Mod:MH5015

This page provides the results of simulations done by Martin Holicky in March Molecular modelling lab. All simulations were done using Gaussian 09.

Ammonia molecule optimisation

Ammonia is a very important molecule used in many industrial processes, such as fertilizer production. The structure is a trigonal pyramid, with the point symmetry C_3V.

The structure optimisation and frequency calculations were performed using the RB3LYP method and the 6-31G(d,p) basis set. The results are summarised in the table below and the LOG file is available here. Due to a large difference in electronegativity (N 3.02, H 2.20) and the non-symmetric geometry ammonia molecule was found to be polarised with a dipole moment of 1.8465 Debye. The charges on the atoms were found to be 0.378 (hydrogen) and -1.125 (nitrogen) and such charge distribution is within expectations.

Property	Value
E(RB3LYP)	-56.55776873 au
RMS gradient	0.00000485 au
N-H bond length	1.018 A
H-N-H angle	105.75 Deg
H-N-H-H dihedral angle	-111.86 Deg
Dipole moment	1.8465 D

Ammonia

Item table

|Item               Value     Threshold  Converged?
| Maximum Force            0.000006     0.000450     YES
| RMS     Force            0.000004     0.000300     YES
| Maximum Displacement     0.000014     0.001800     YES
| RMS     Displacement     0.000009     0.001200     YES
| Predicted change in Energy=-1.141654D-10
|

Vibrational properties

Since ammonia contains 4 atoms, from the 3N-6 rule six vibrational modes are expected. Indeed, Gaussian09 found 6 vibrational modes.

Wavenumber / cm^-1	IR intensity	Assigment	Note
1089.5	145.38	"Umbrella" mode, symmetric bends
1693.5	2 x 13.55	asymmetric HNH bends	Two degenerate modes
3461.3	1.06	symmetric N-H stretch
3589.8	2 x 0.27	asymmetric N-H stretch	Two degenerate modes

In order for the molecule to be IR active, one of the requirements is that there must be dipole moment change with vibrations.
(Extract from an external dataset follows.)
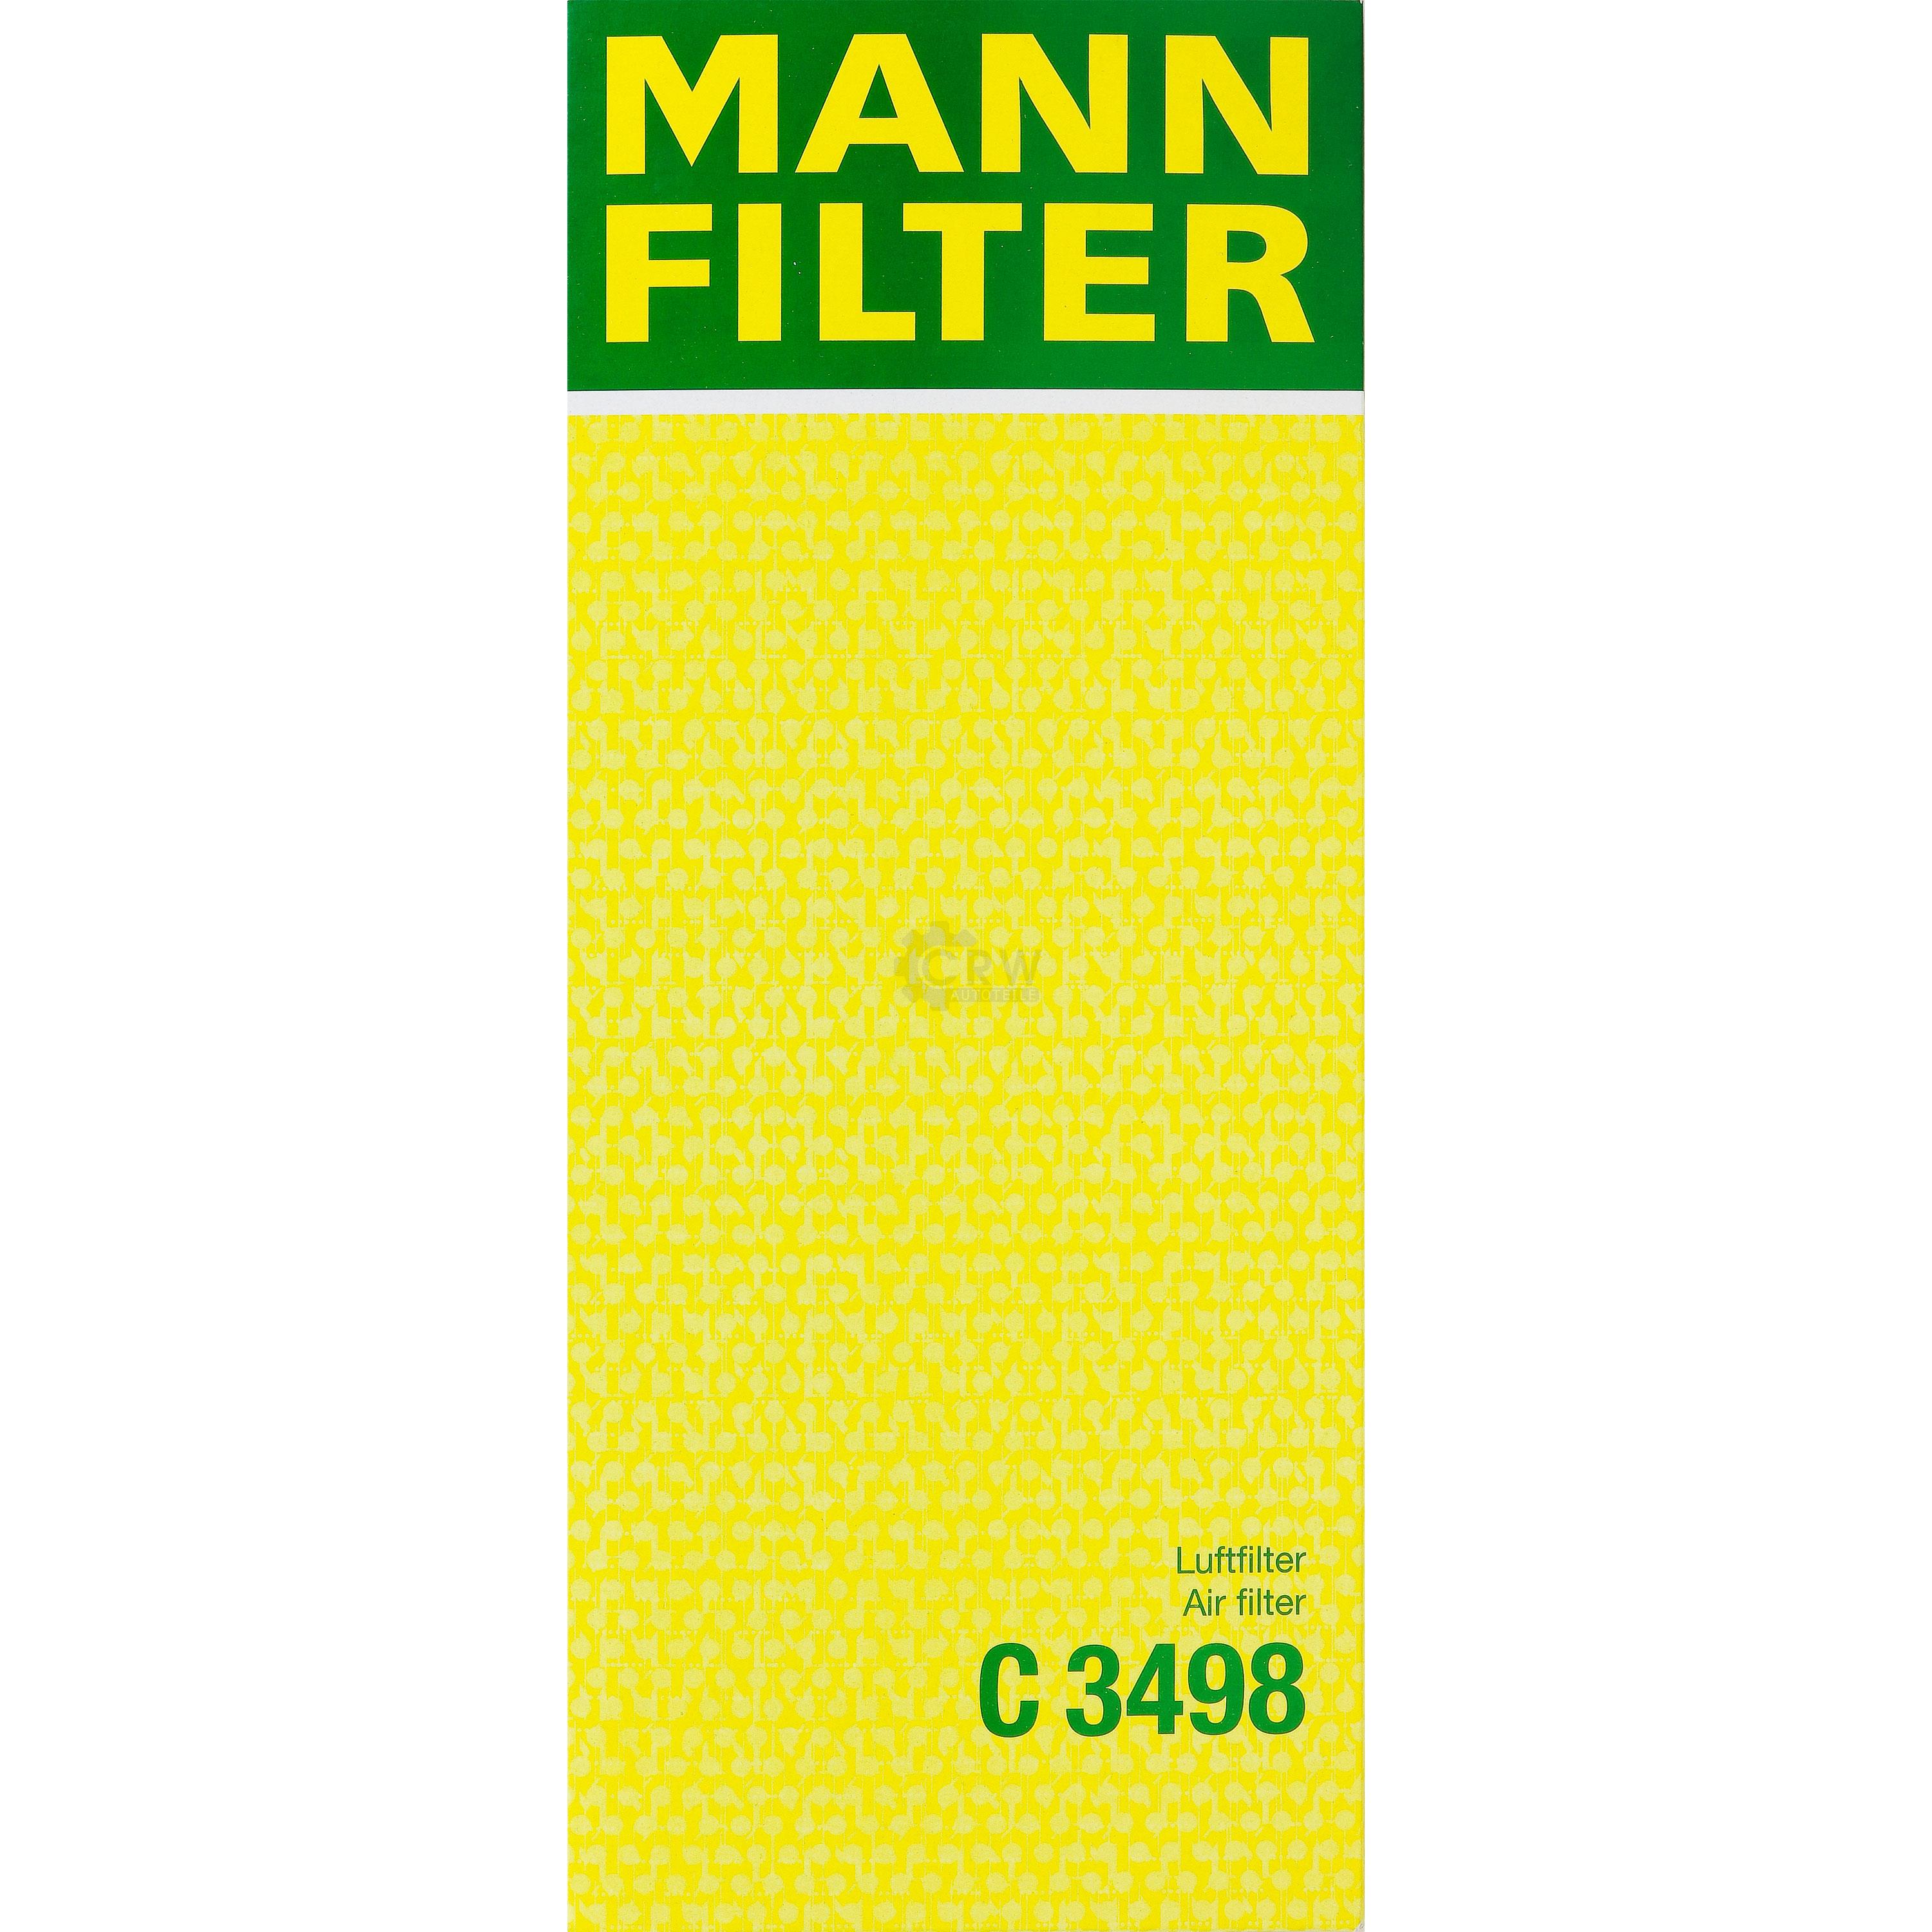 MANN-FILTER Luftfilter für Ford Mondeo III Turnier BWY 2.0 TDCi B5Y 1.8 16V B4Y

In other words, the more symmetric the mode is, the smaller the absorbance is. All four non-degenerate modes have IR intensity greater than 0, so in the IR spectrum four peaks could be expected (strong, medium, weak and very weak). Experimental ammonia spectrum (NIST WebBook database [1]) contains three major peaks - 950 cm^-1, 1630 cm^-1, and 3330 cm^-1_.These observed peaks are in some agreement with the results of the simulations. The highest symmetry is for the asymmetric N-H stretch since its IR intensity is the lowest.

Hydrogen molecule

The structure optimisation and frequency calculations of a hydrogen molecule (H₂) were performed using the RB3LYP method and the 6-31G(d,p) basis set. The results are summarised in the table below and the LOG file is available here.

Property	Value
E(RB3LYP)	-1.17853936 au
RMS gradient	0.00000017 au
H-H bond length	0.743 A
Dipole moment	0 D
Point group	Dinfh

Item table
\| Item Value Threshold Converged? \| Maximum Force 0.000000 0.000450 YES \| RMS Force 0.000000 0.000300 YES \| Maximum Displacement 0.000000 0.001800 YES \| RMS Displacement 0.000001 0.001200 YES \|

Nitrogen molecule

The structure optimisation and frequency calculations of a nitrogen molecule (N₂) were performed using the RB3LYP method and the 6-31G(d,p) basis set. The results are summarised in the table below and the LOG file is available here.

Property	Value
E(RB3LYP)	-109.52412868 au
RMS gradient	0.00000060 au
N-N triple bond length	1.106 A
Dipole moment	0 D
Point group	Dinfh

Item table
\| Item Value Threshold Converged? \| Maximum Force 0.000001 0.000450 YES \| RMS Force 0.000001 0.000300 YES \| Maximum Displacement 0.000000 0.001800 YES \| RMS Displacement 0.000000 0.001200 YES \|

Molecular orbitals of nitrogen

The nitrogen molecule contains 14 electrons, which occupy 7 molecular orbitals as shown in the diagram. There are two degenerate pi-orbitals (marked as #5 and #6). The first two orbitals are formed from the core 1s electrons, σ and σ*. The orbital #3 is a σ bonding orbital from 2s, #4 σ bonding orbital from 2p and #5 #6 are two degenerate π orbitals from 2p. Finally, #7 is a π* orbital from 2p orbitals. The overall bond order is 3.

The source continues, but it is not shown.